When a Cat is Hunting
When cats or kittens kill in sport, death is merely a byproduct of the means. When hunting, the means justify the end. Though the actions may appear the same to us, their intentions are completely different.
The biggest difference in behavior between playing and hunting is at the end of the exercise- after the prey has been caught. Where a cat playing will eventually let the catch go to be able to chase it again, a cat that’s hunting will kill the prey as quickly as possible to eat it.
It’s tough to distinguish your cat’s intentions until the prey (in this case, a fly) has been caught. But until then, the cat will use the same amount of focus, stealth, vigor, or acrobatics while in pursuit.
Is it Bad for a Cat to Eat Flies?
It isn’t typically bad for a cat if it eats flies. Adult cats have a strong system, capable of eating small prey whole, namely mice- fur, bones, and all. Regarding their digestive system, cats have zero problems digesting flies or most insects in general.
Even if your cat shows signs of having a sensitive system, the tiny amount of materials a fly provides won’t be enough to get the cat sick. Also, your cat is unlikely to eat a bunch of flies daily. One here, one there, won’t impact the health of an adult cat with a sensitive stomach.
Kittens are a Different Matter
Kittens are in danger of becoming sick by eating flies due to their unfinished and developing digestive system and an immune system that is not yet at its fullest.
After eating a fly, a kitten’s digestive system might full-on reject it, causing the kitten to suffer vomiting and stomach discomfort. If the kitten does digest it, its organs may not yet be able to do anything with the material, meaning that it will cause issues anywhere it goes until it’s passed completely through the kitten’s system.
A Kitten’s system is much different than that of an adult cat. Some things an adult might eat with no problem could kill a young adventurous kitten.
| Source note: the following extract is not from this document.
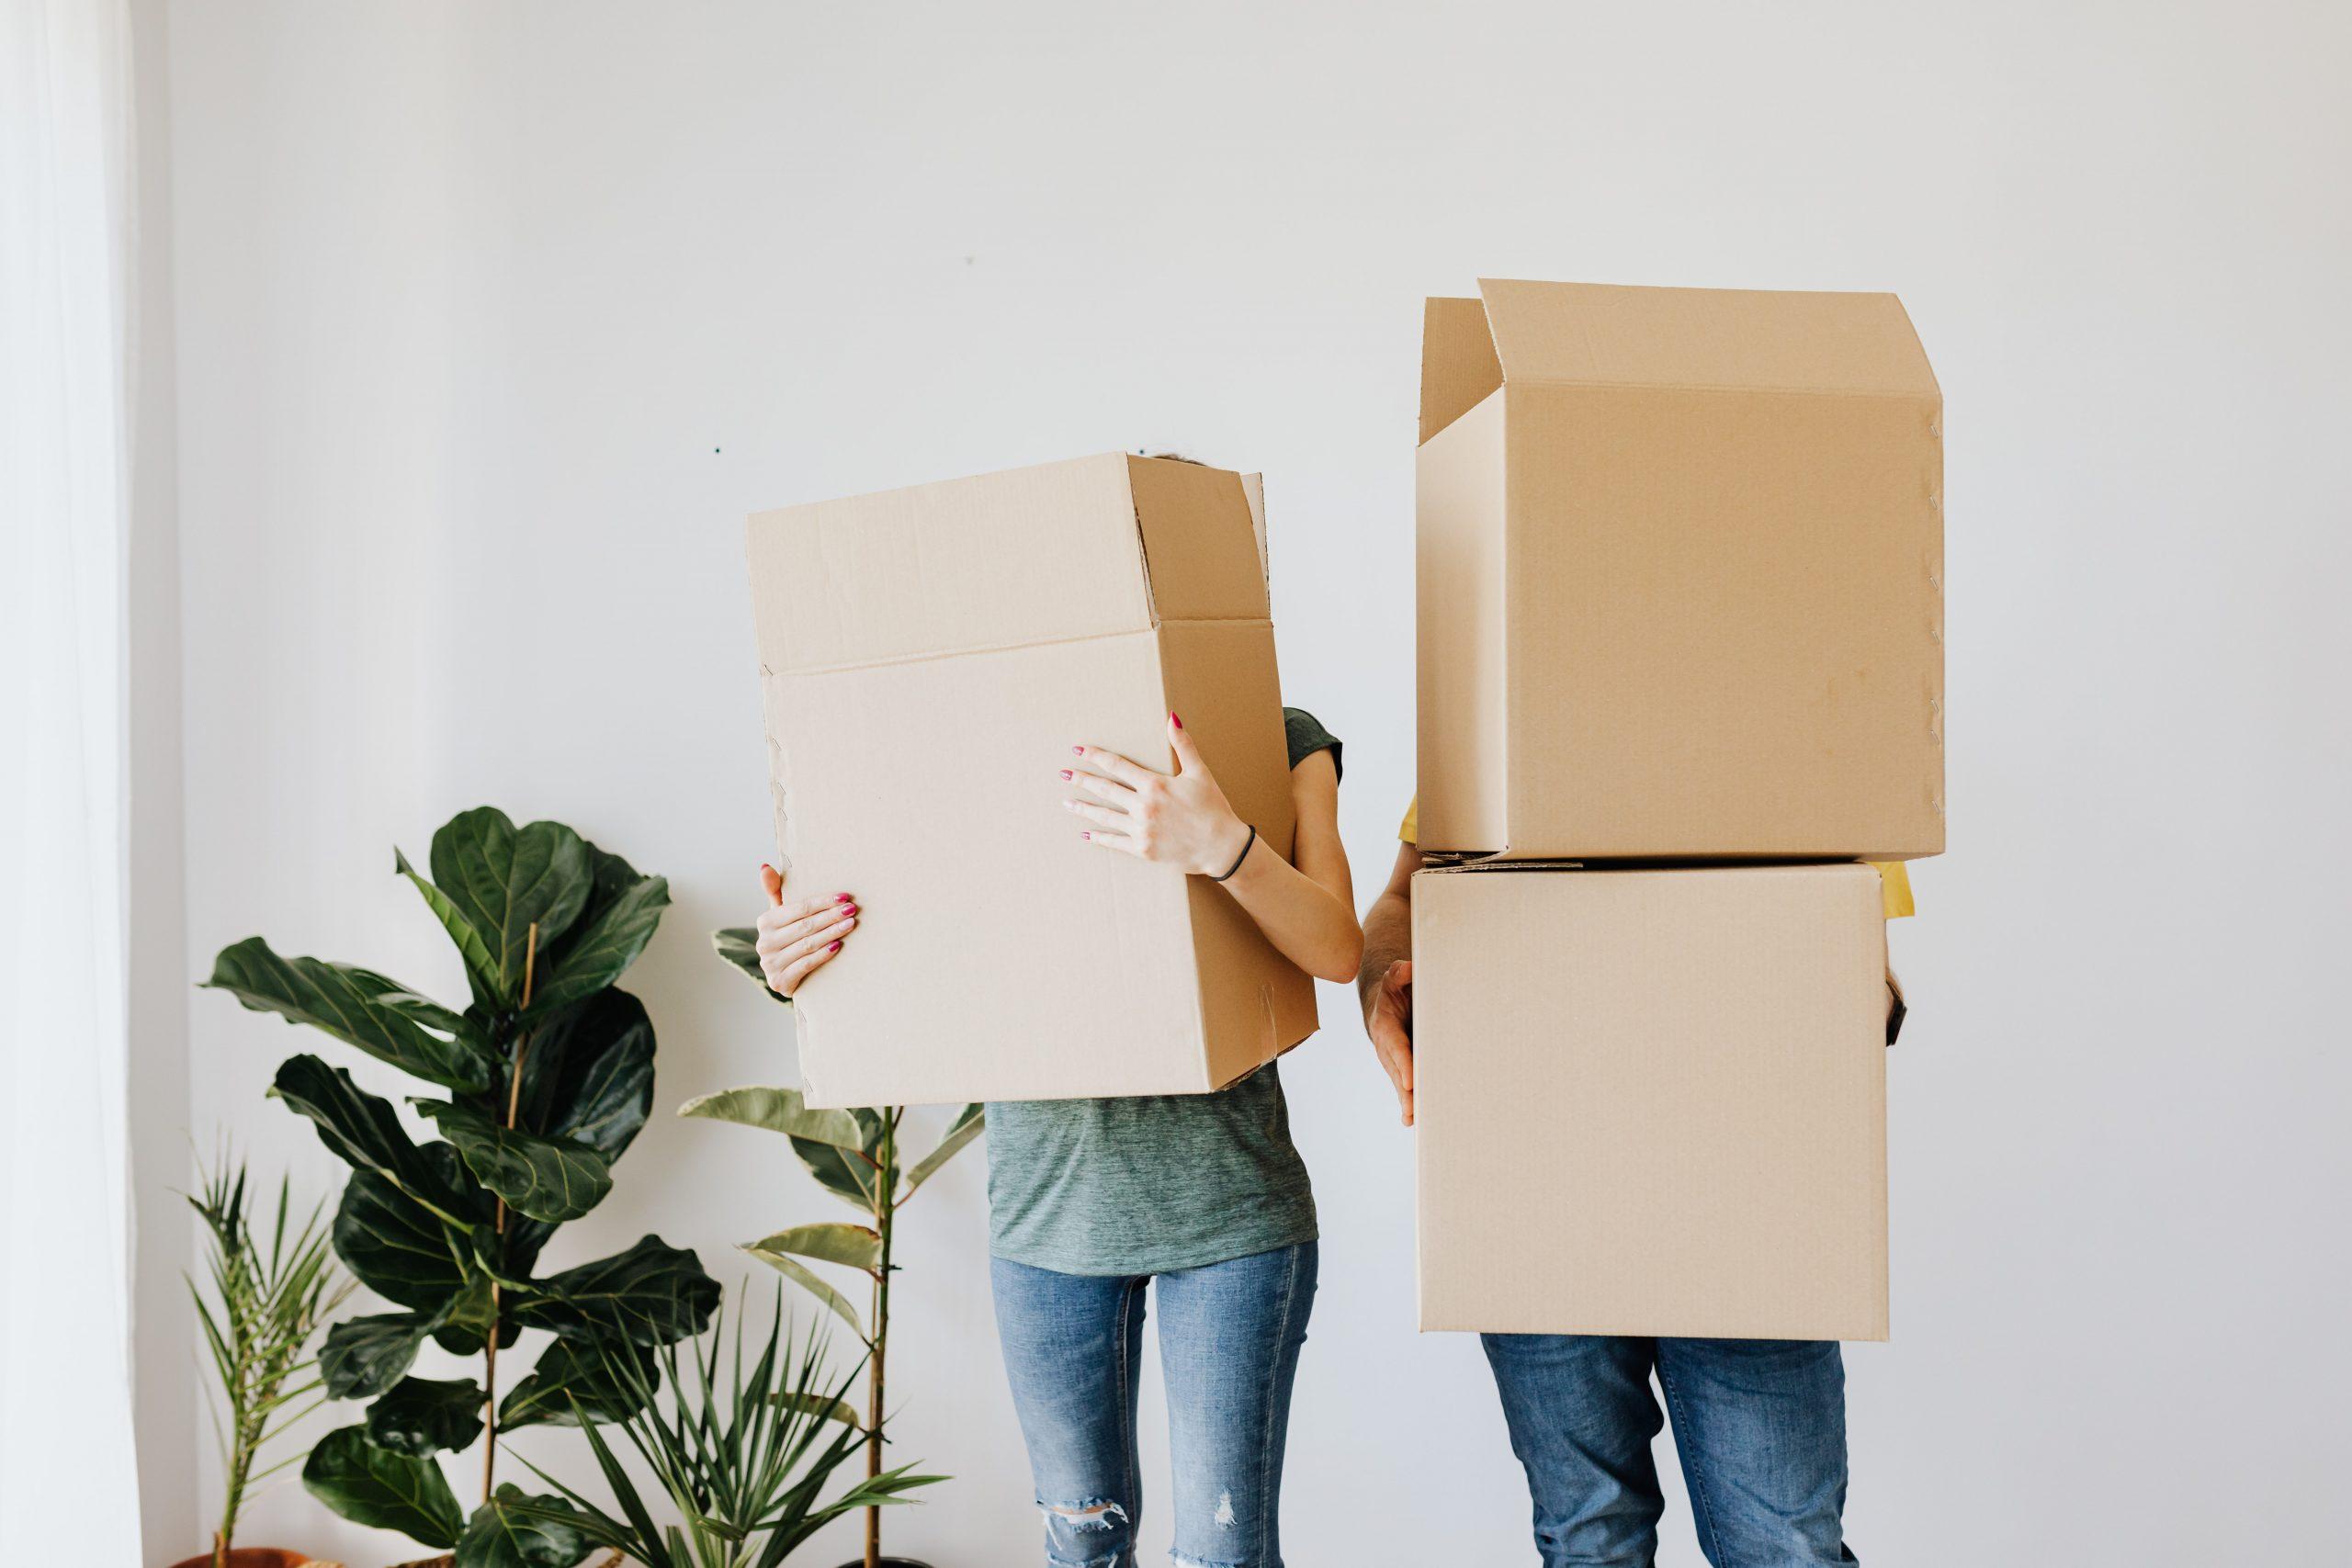 Hvordan sender man en pakke, og hvad koster det?

Different contents in human food come to mind, for example, spices in particular. When eaten by an adult cat, it might not have any issues but would cause severe issues (even death) if eaten by a kitten.
Cats are Hunting Machines
They’re cute and cuddly, but if they were big enough, they’d kill you. Furthermore, they’d probably eat you as well. They are so tuned for hunting prey that playing is nearly an exact replica of the action, as discussed above.
These instinctual behaviors reach as far back as their ancestors roaming wild, fighting for survival.
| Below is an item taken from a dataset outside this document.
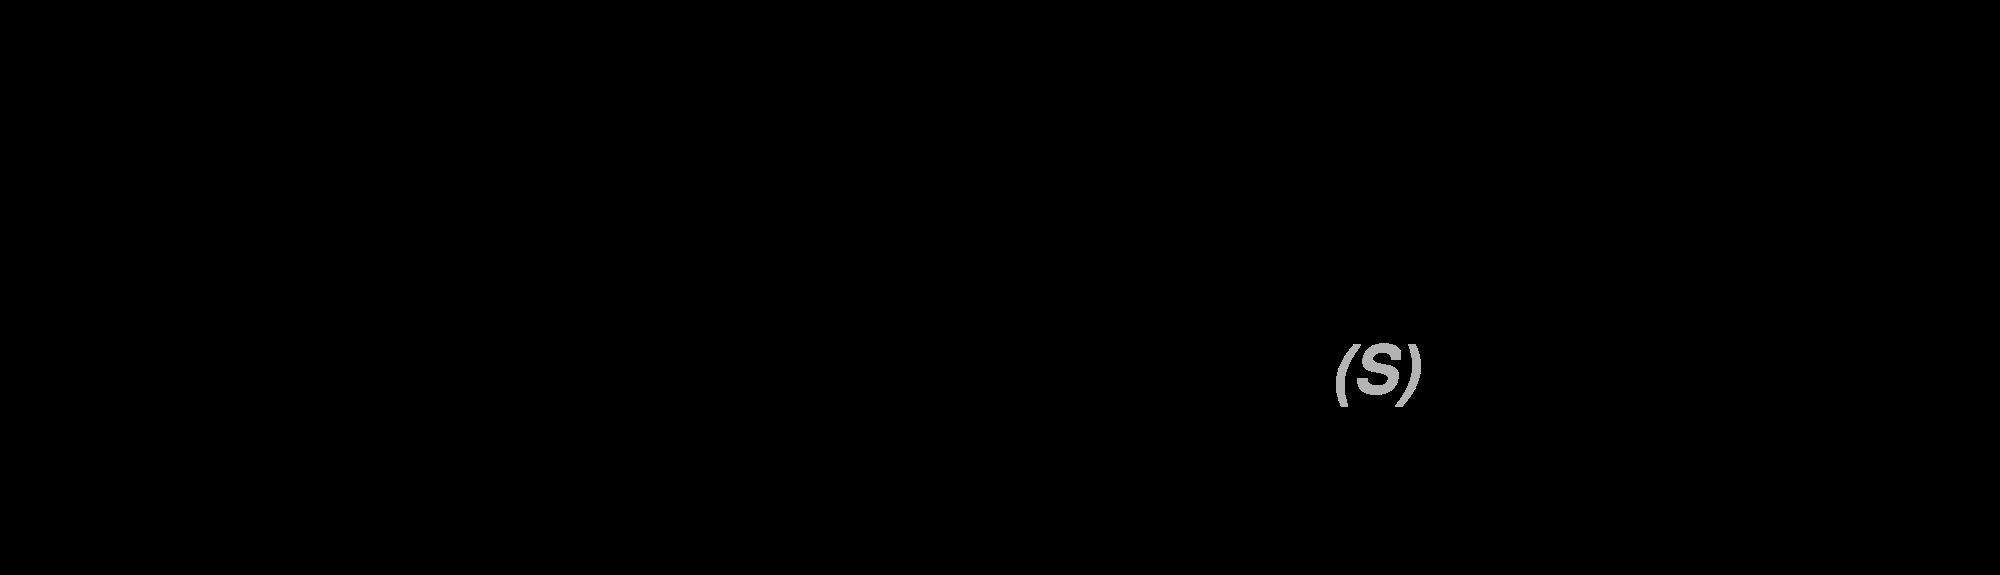 metoprolol magas vérnyomás esetén
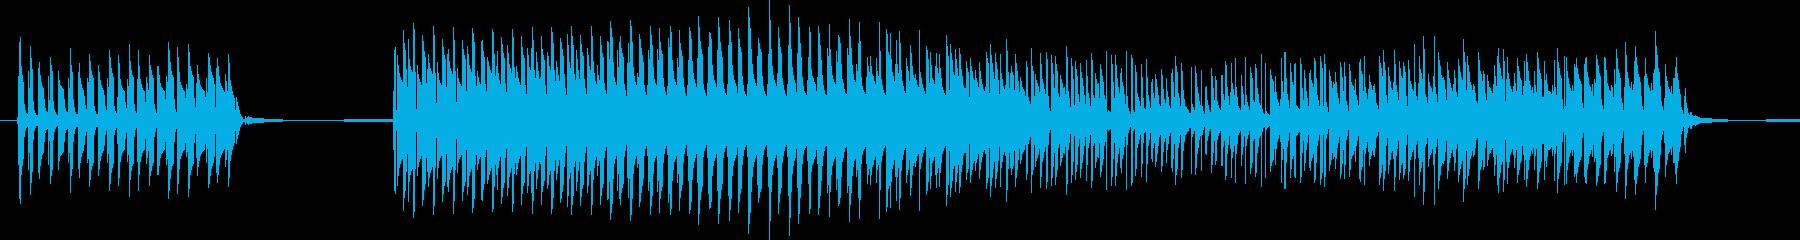 【クイズ】勢いのある不正解音「ブッブー」の再生済みの波形

The instinct to hunt is always present in a cat regardless of the size, breed, temperament, or upbringing. It’s in their makeup just as plainly as having four legs.
The only thing that has ever changed regarding our domesticated cats is the type of prey when they seek prey, and why. Cats chasing down small critters and eating them; a reality we get to witness whenever a cat has an opportunity to exercise this piece of its predatory instinct.
If you’ve spotted your cat eating a fly or have noticed that your cat has been chasing around a fly, the cat will be fine if the fly gets eaten. It’s perfectly normal cat behavior.
Sometimes humans are too smart for their own good. When we see a cat eat a fly, our first thoughts would be how gross it is or knowing too much about where that fly has been- particularly if previously spotted in or around the cat’s box!
We know enough to get concerned, wondering if the cat will be okay. But cats don’t suffer the burden of these thoughts, nor would they care if they did. They’re cats and will do what they do best whether we like it or not.